I have a 4320 John Deere subcompact tractor. The PTO has developed an issue where when it is under a heavy load it will slow down and even stop. When you take the load off it will catch back up. This is not the clutch on the bush hog slipping as I have watched the pto shaft from the tractor slow down and stop. I have read that there is a PTO solenoid that could be the potential problem however I have no idea where that is located. Any ideas from anyone who might have had experience with this? Thanks in advance for your help.


----------



## unsquidly (Jul 13, 2021)

Twospeed said:


> I have a 4320 John Deere subcompact tractor.
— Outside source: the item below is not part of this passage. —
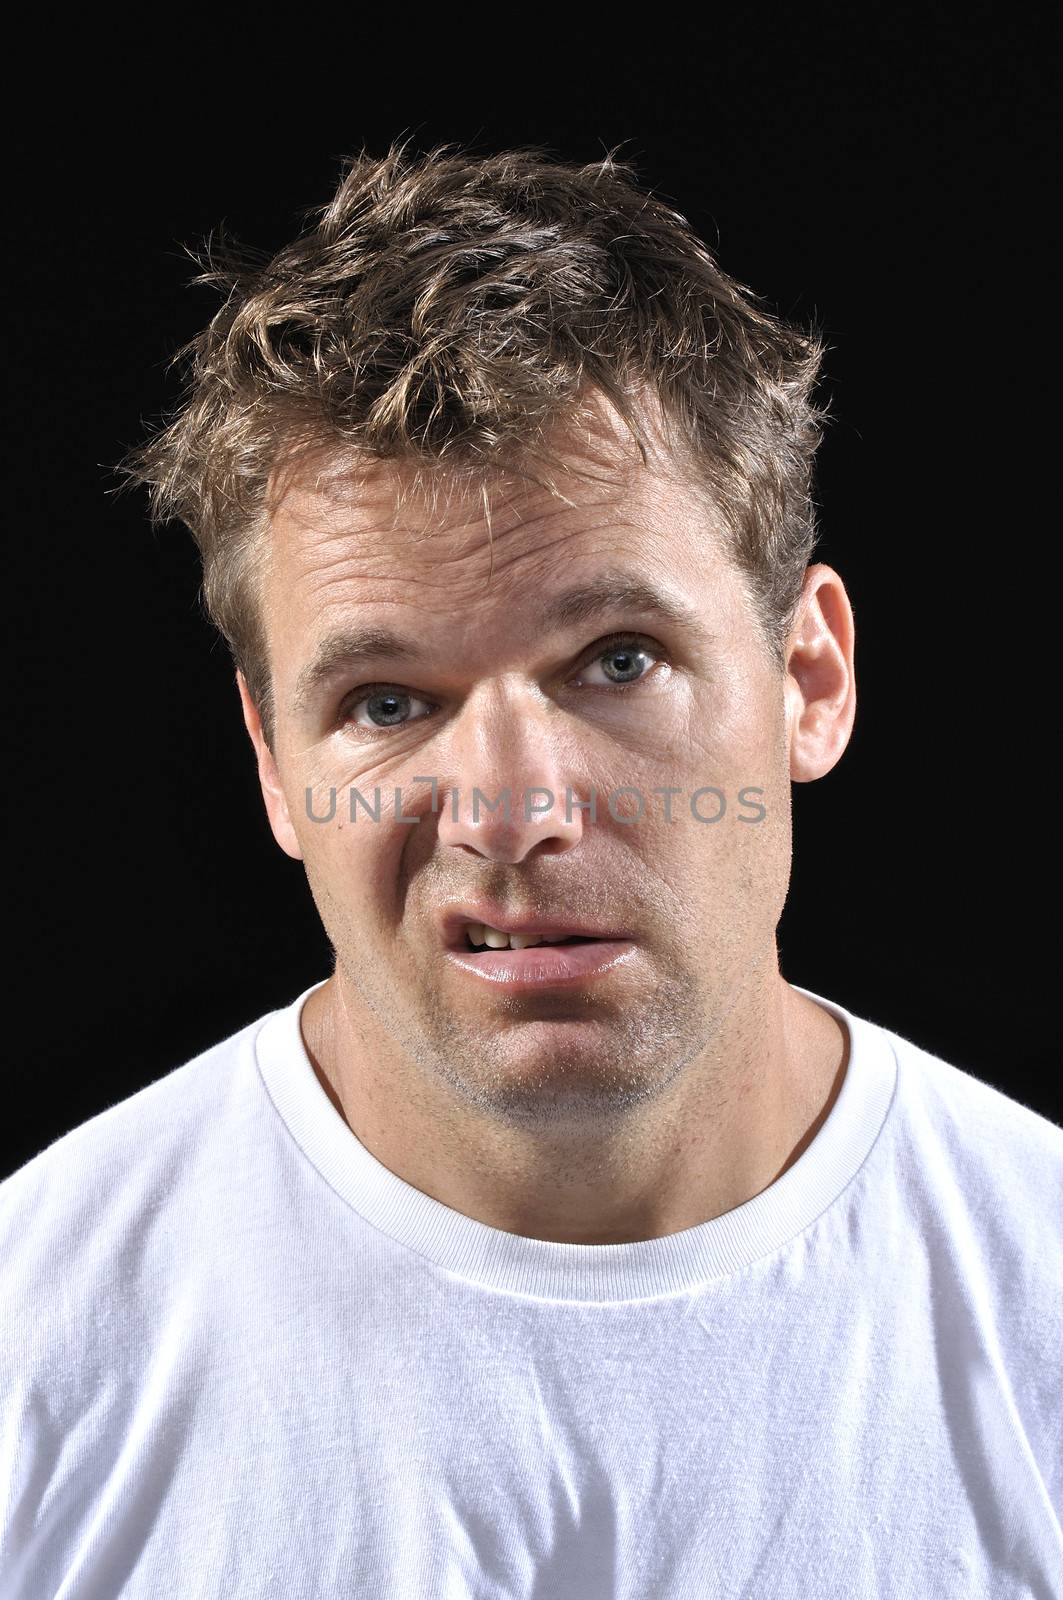 Mug shot of displeased crazy messy Caucasian man wearing a T-shirt on black background

The PTO has developed an issue where when it is under a heavy load it will slow down and even stop. When you take the load off it will catch back up. This is not the clutch on the bush hog slipping as I have watched the pto shaft from the tractor slow down and stop. I have read that there is a PTO solenoid that could be the potential problem however I have no idea where that is located. Any ideas from anyone who might have had experience with this? Thanks in advance for your help.



Looks like we have seen this problem before on here.......See if this thread helps you out any......I know it is not your exact model but it might be close enough to help you out.....










4310 - PTO Problem


I have a JD 4310 with a 6 ft cutter and I let a friend borrow to mow a 2 acre lot. The PTO is not engaging now even though on the instrument panel it shows that it is engaged. He says it was working fine throughout his mowing and then he shut off. He noticed a patch he did not do and it did...




www.tractorforum.com




.


----------



## Twospeed (9 mo ago)

Thanks. I had seen this before but I think the 4310 must be different. I found a video of the solenoid being changed on a 4310 but that appears to be two solenoids, one for the pto and one for the front wheel drive. That would indicate to me the front wheel drive on that tractor is electric engaged. Mine is a shift lever on the side of the transmission. Also I could not find anything on my tractor that looked exactly like what I saw in the video. I found something in that same general area that looked like it was one solenoid but not sure if that is it or not. And if it is not sure how the heck you would get to it to take it off. Also mine is a little different problem in that the pto works. It will just slows down and stops if you put it under to much load. If you lighten the load it will pick back up again.


----------